— Слава Богу, хоть таким Ипатыч воротился — нам в болото не надо лезть.
— Знать, пришлось ему немалого лиха отведать...
— Господь даст — одыгается.
— Шайтана жалко.
— Воротится. Тот сколь раз плутал, а выбрался. И теперь обойдется...
И обошлось.
Воротился Шайтан. Только каким?!
Поутру видел охотный парняга Чувалов Коська, каким мочалом выбрел космарь из Куманькова болота. Был он понур, а истерзан до той степени, ровно всю ноченьку напролёт бился в тумане с целым выводком лешаков да кикимор...
В шорниковом дворе забрался Шайтан в пустой пригон и оттуда завыл столь надсадно, столь зловеще, будто хотелось ему упредить народ о неминуемой гибели всей деревни разом.
Солнце только вполблина успело выплыть на край неба, а уж деревня всё что могла передумала и пришла к выводу, что надобно готовиться к худшему...
Скоро стала и ребятня просыпаться по закутам да полатям. Стала смотреть на озабоченные лица большаков тупыми спросонья глазами...
Санька Выдерга в клетухе своей поднялась тихая от невольной своей виноватости. Поздняя дрёма досталась ей с трудом; в избе всю ночь бушевала Дорофеева буря. И просып тоже лёгкости не принёс. На Шайтанов вой она схватилась, было, лететь до Свиридова двора, но тётка Харита сверкнула в темноту чулана свирепыми глазами, накидала на душу братанки бранья невпроворот и, до полной кучи, повелела:
— Прижми хвост, летало! Не то я тебя, собачья вера, сгною в этой клети!
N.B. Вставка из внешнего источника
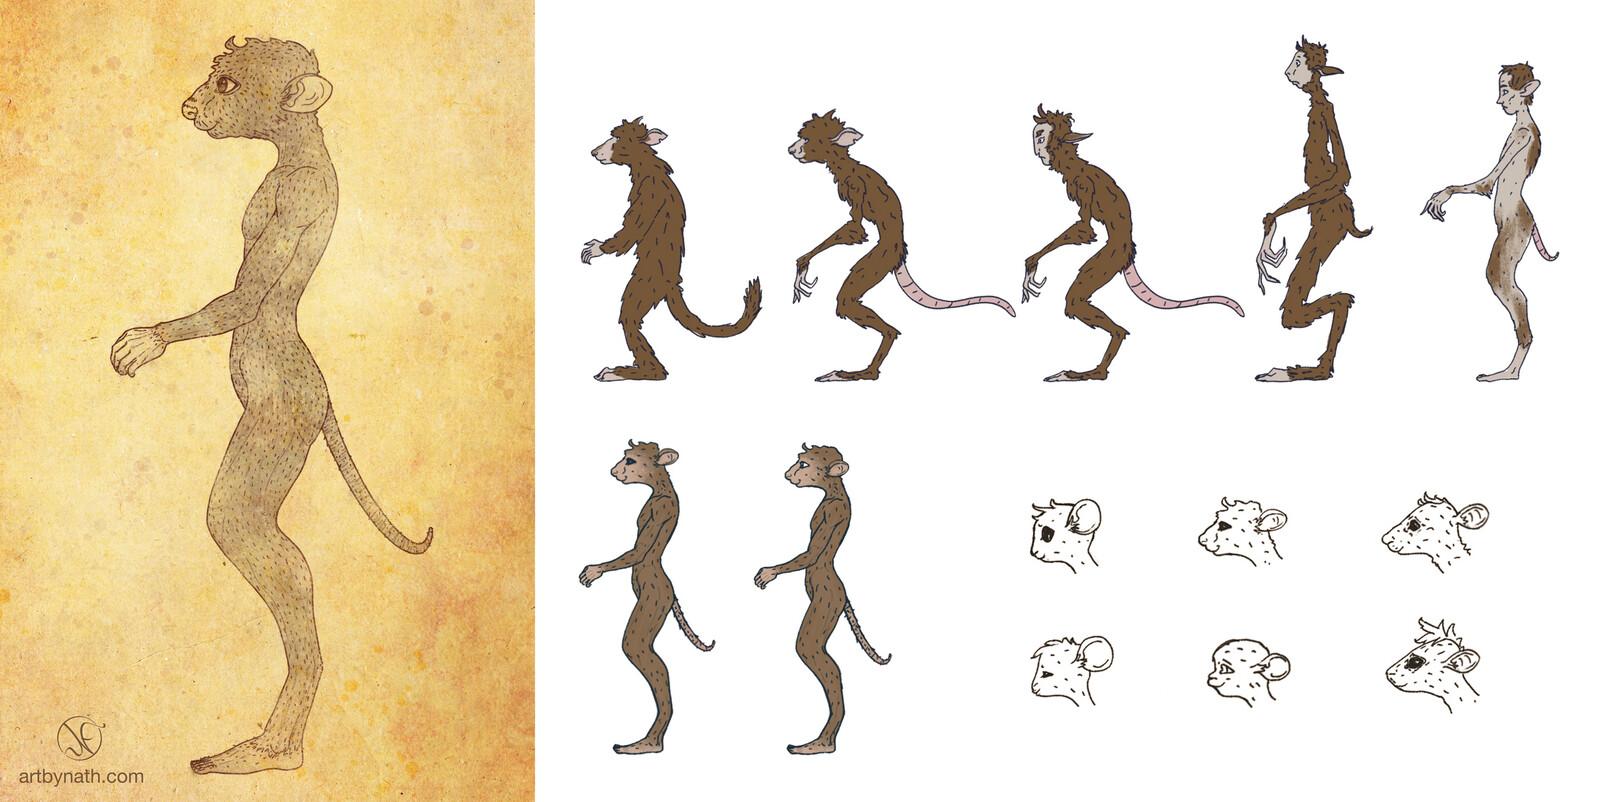 Parvmaner Creature Design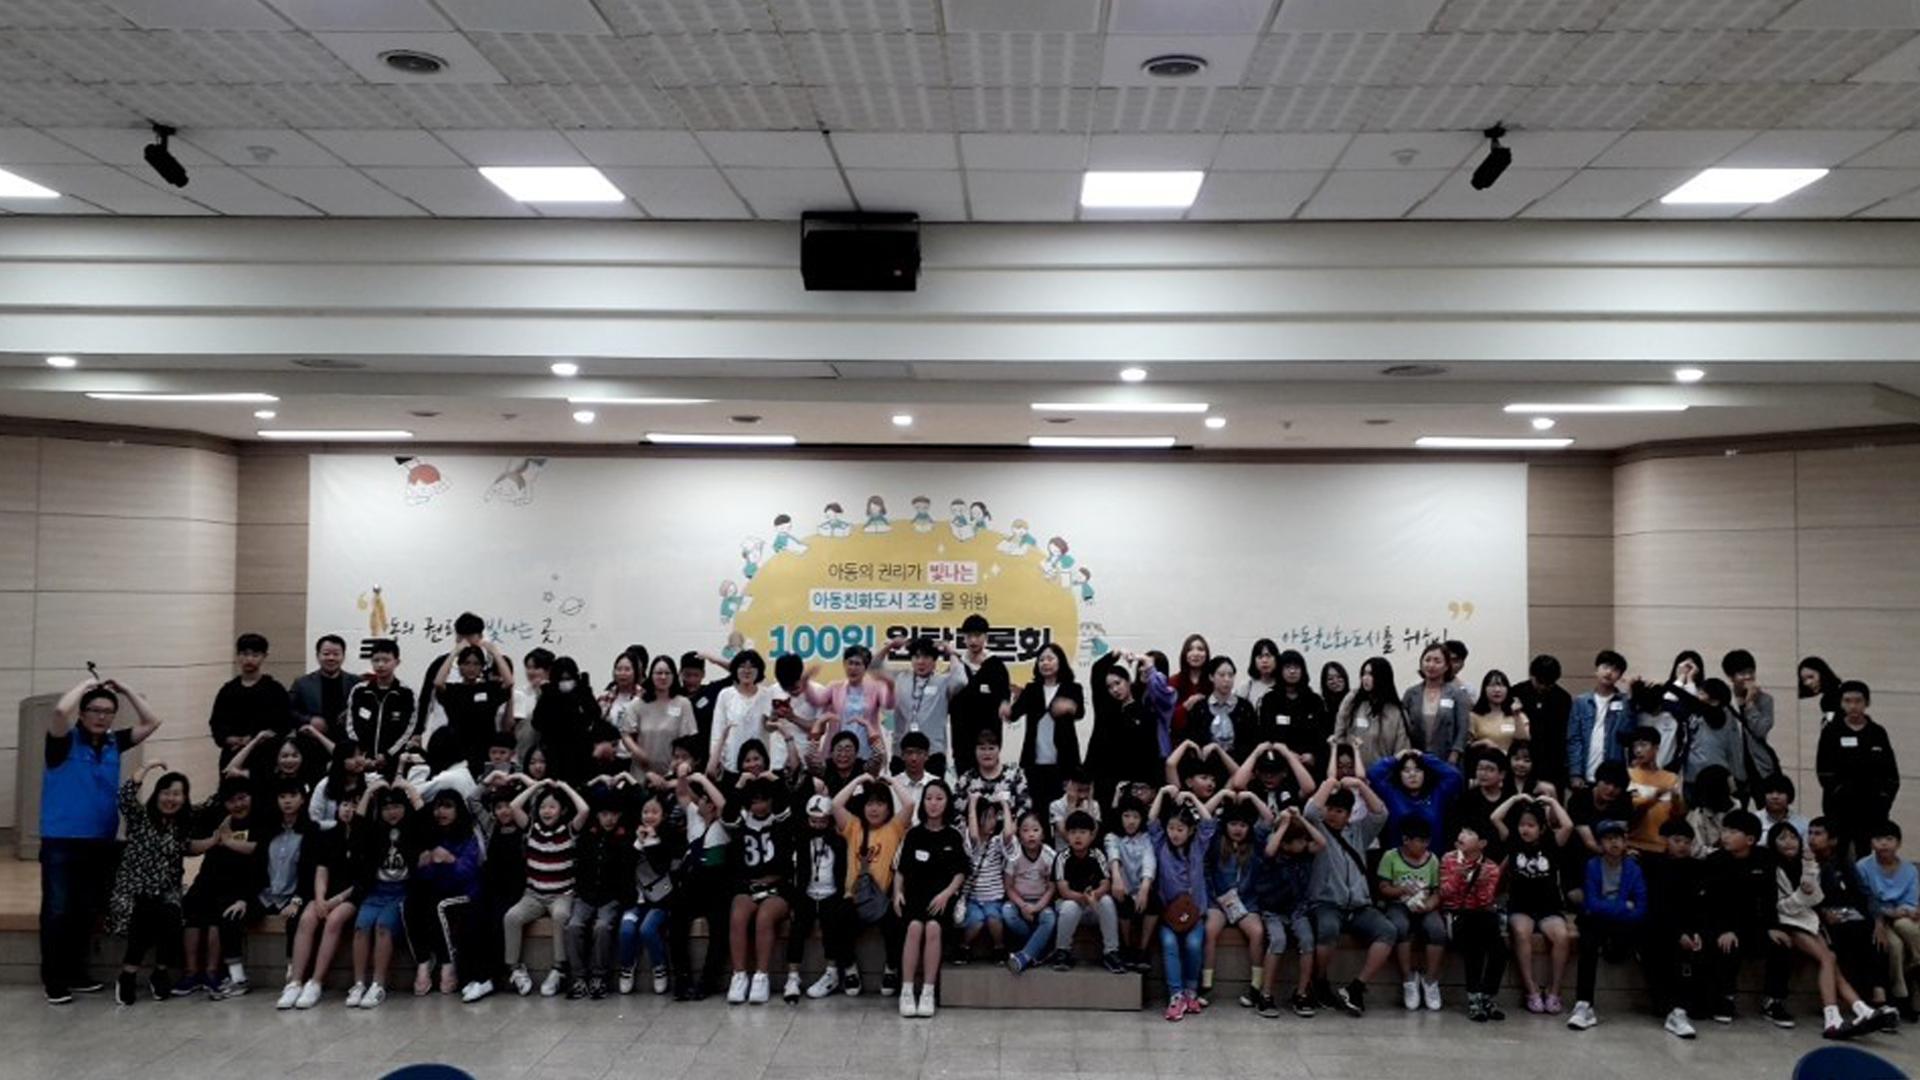 [청주시]유니세프 아동친화도시 조성을 위한 원탁토론회

Сказала и глубоко всадила в дверные скобы брусчатый засов.
Да-а! Вот те раз — из белены квас...
Сколько бы просидела Санька в неволе — кто знает? Только вдруг да сообразила она, что Шайтан, время от времени возобновляя вой, зовёт к себе именно её — Саньку.
Ну что же ей делать? Башкою стену долбить? Ох, как поняла она за то время, пока металась в кладовухе, сколь неразрывно привязана она к Никитку, сколь необходимой стала ей приветливость деда Свирида, какой отрадой лежит у неё на душе сердечность бабки Свиридихи... А что сказать о Шайтане, так Санька в кладовухе о нём и подумать без слезинки не могла, хотя отродясь мокроглазой хворобой не страдала. Прямо как в пропасть кинуло девку в тоску... День до вечера, словно шар в лузу, западала она в клети из угла в угол. А тут ещё в предзакатье да услыхала она за стеною бойкий голос Коськи Чувалова. Должно быть, охотный молодец явился на зов Хариты Мокрой и, от несогласия с нею, вёл громкий спор.
— Не, — перечил он лавочнице. — Затея твоя, Харита Миколавна, шибко не по домыслу идёт. Ить подумать умной головою, какой такой дурак тебе отыщется, чтобы за столь плёвую деньгу рисковать нервой. Ить чёрта косматого, поди-кась, только заговорённая пуля и сумеет успокоить...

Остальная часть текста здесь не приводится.